Results 1 to 10 of 18
Thread: Help with technique
Threaded View
-
07-18-2009, 02:59 AM #8
- Join Date
- Jan 2008
- Location
- Northern California
- Posts
- 1,301
Thanked: 267You gave such a long question and I hope that this longer post helps.
Lather is very important. I use Penhaligons English Fern and it lathers like almost no other soap for me. I use many creams but a good one is expensive and day in and day out, for me, soap is the way to go.
I have found that when I shave with a straight the whole process is needed to complete the shave. I use an extremely light touch with a very sharp and smooth razor edge so I can get away with a lot of passes after the hot towel treatment.
- First pass: I go WTG first using short overlapping strokes which I believe to be the standard considering what I have read and it certainly works for me. This includes the chin and the neck... all of it. You are trying to reduce the stubble.
- Second pass: If my skin is dry or I feel that the first pass was just not the most comfortable because my beard was not softened enough I go another pass WTG. I use a slight variation and go XTG on my jaw line by for the most part WTG. I really concentrate on my chin. It does not take a lot of time for the second WTG pass because the stubble for the most part is gone.
- Third pass: I go XTG from the chin to the ear because of the way that my beard grows. I have a chin area where the hair grows towards the ear so this is really a WTG in this area.
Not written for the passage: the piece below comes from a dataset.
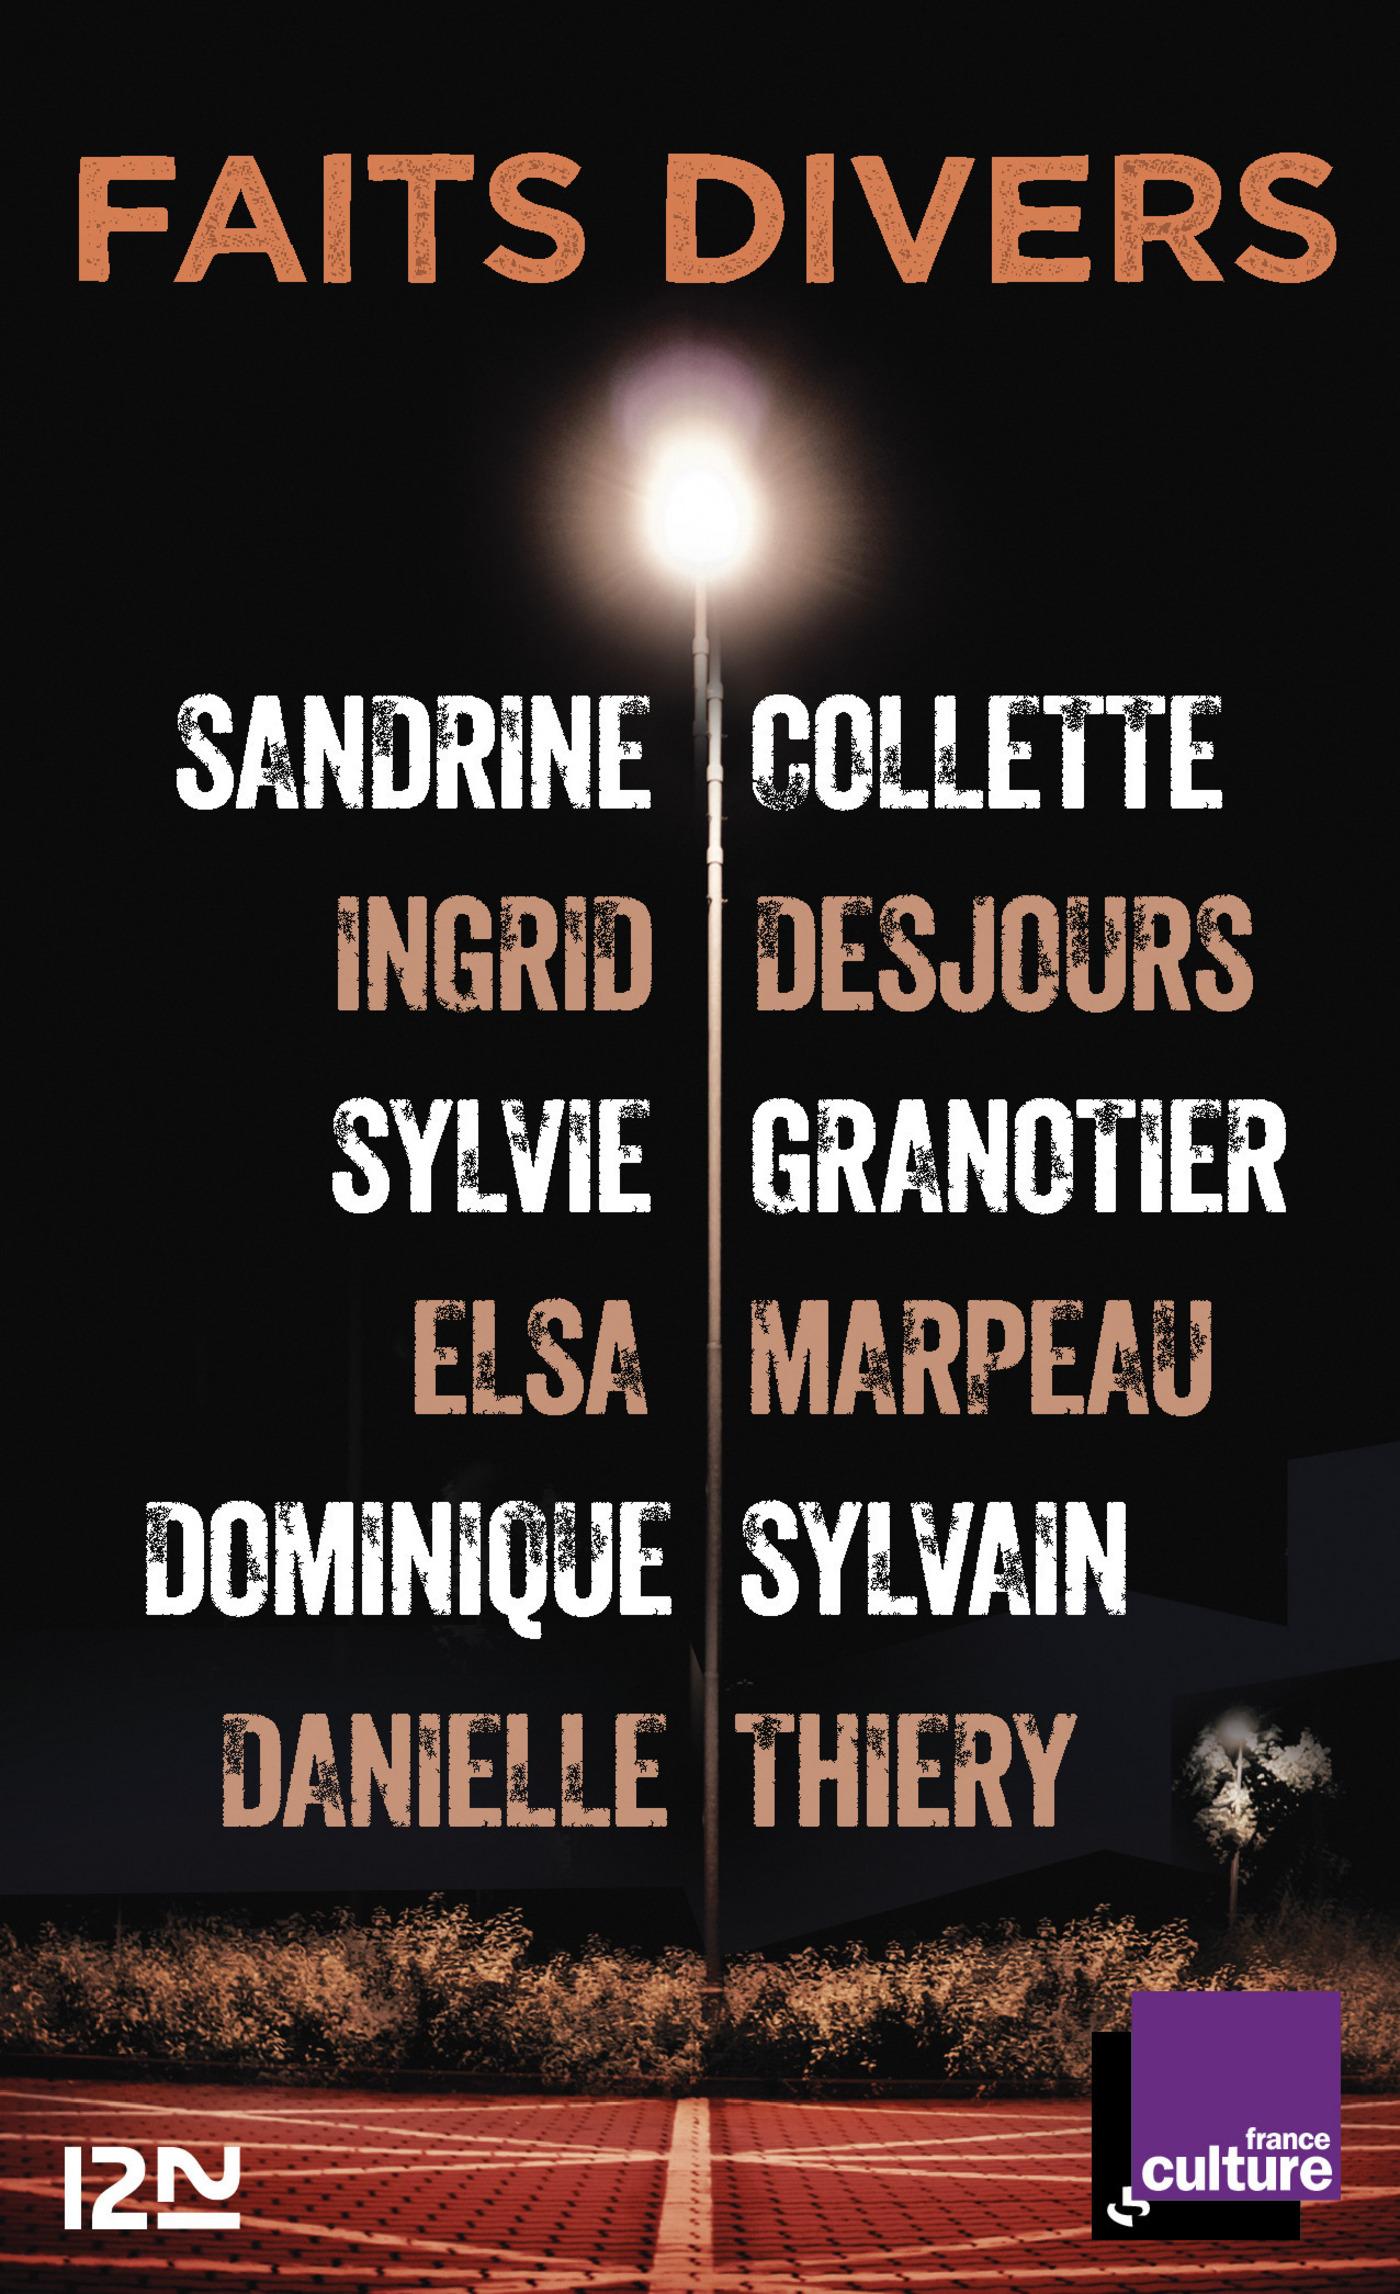 Faits divers | COLETTE, Sandrine
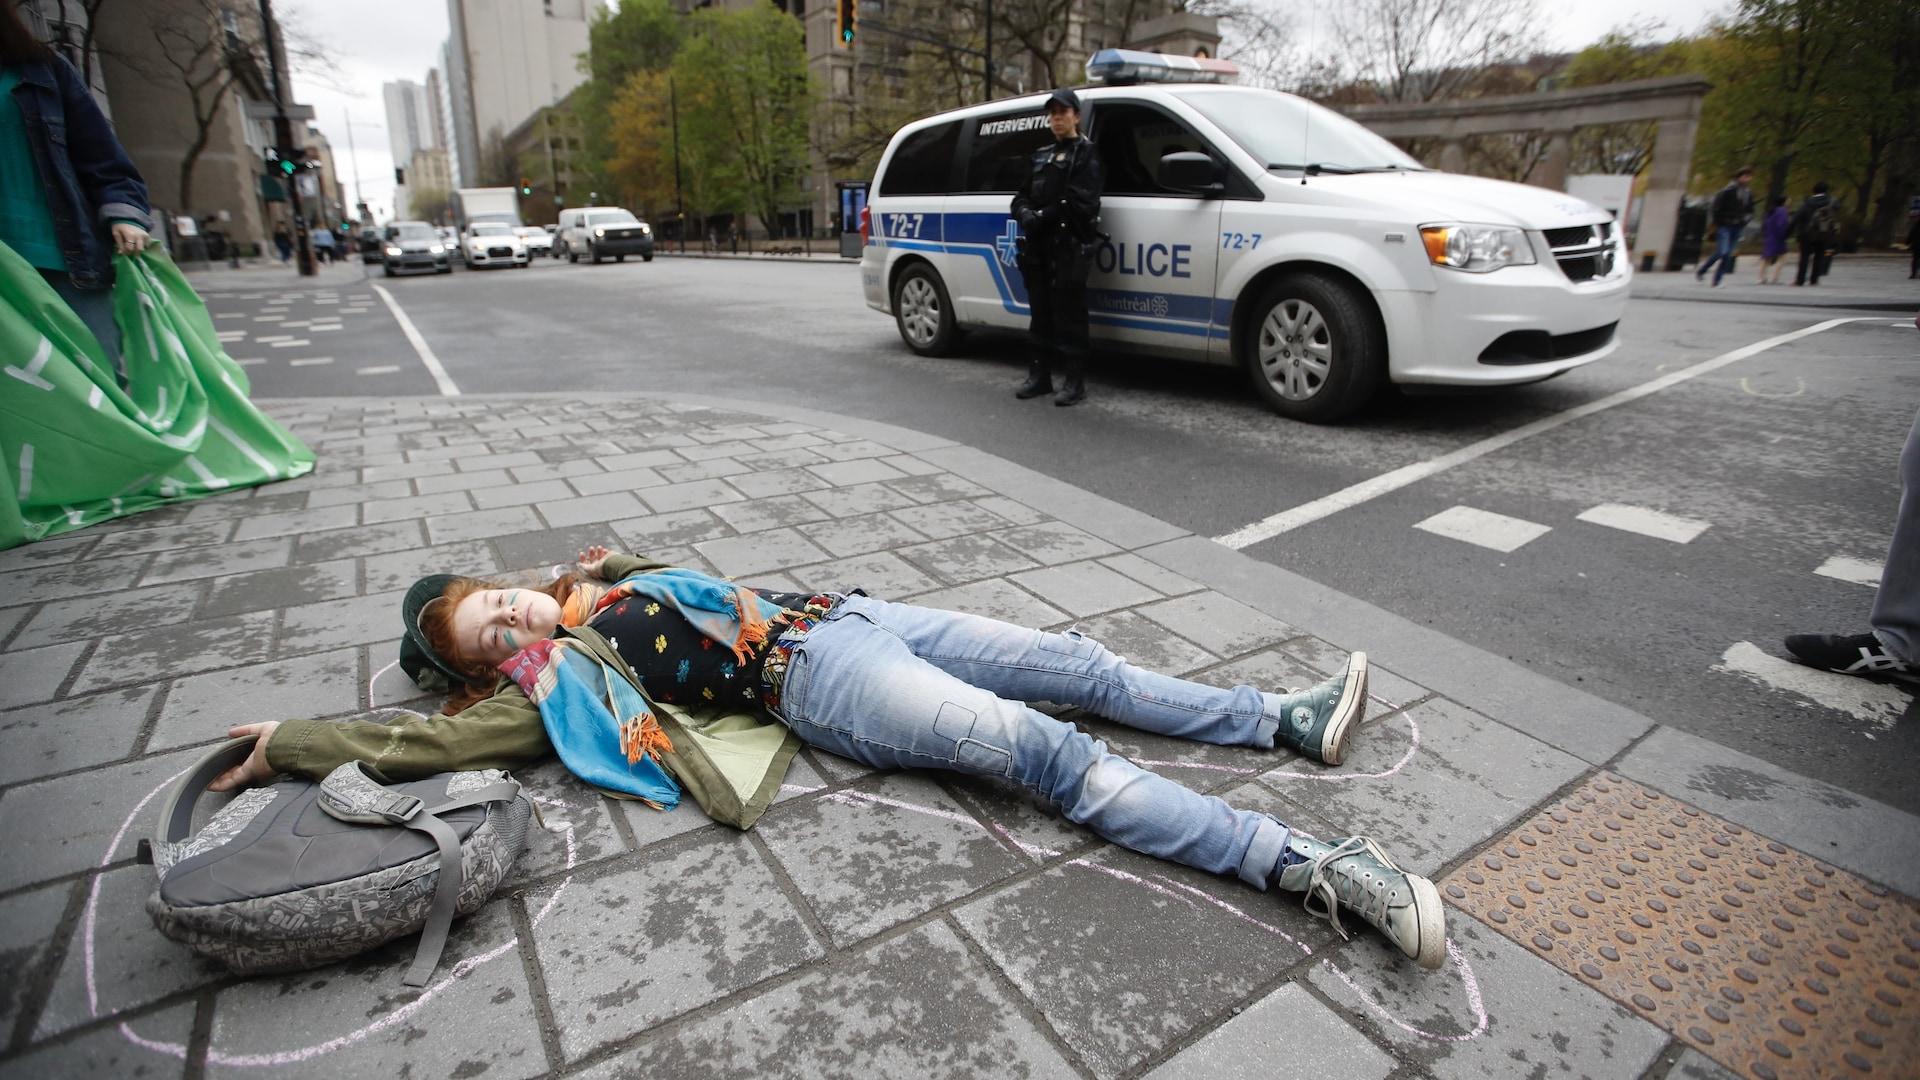 Une jeune fille est couchée par terre entourée d'un trait de craie, faisant la morte devant une camionnette de police.

I shave my neck with a very light ATG neck single non-overlapping stroke to just kinda knock it down I have to go extremly light because my beard in this area is very stiff and the skin is very soft.
- Fouth pass: XTG from the ear to the center of the chin. Like I said close to the chin I will be going ATG but I have knocked it down with the third pass. I let the lather soak into my neck to get ready for the real ATG.
- Fifth pass: I am ready to go ATG. I go ATG all the way up and have found a little trick lately. I don't clean the blade off coming off my neck. I stretch my skin pulling down on the sideburns and side of my face but I take a couple of more strokes stretching the skin from up top, this really stands the hair up. The blade full of lather kinda "dumps" a little so that I can hit it again. I wait till I have gone over it once because it would dig in and hurt to much if I stretched from the top at the start of the final attack.
- Clean up! I usually takes me about 15 minutes including stropping making lather and all the while I am wearing my hot microwaved towel tucked in around my neck and beard.
I get shaves that are very close and almost no irritation. The secret for me has been the honing that I do and the almost zero pressure that use. I can use an alcohol base AS if I wish and get almost no burn. I choose to use a really good finish of which there are many. Your shaves will improve and should blow away anything a DE or a plastic wonder can give. They just don't have the physics or the adaptability that a straight has to give potentially everyone a shave that is not to be believed. The reason that I posted this long thing is that for me it has taken a long time to get something that works for me. It will a little different for everyone but the basics are the same.
Take Care,
RichardLast edited by riooso; 07-18-2009 at 03:04 AM.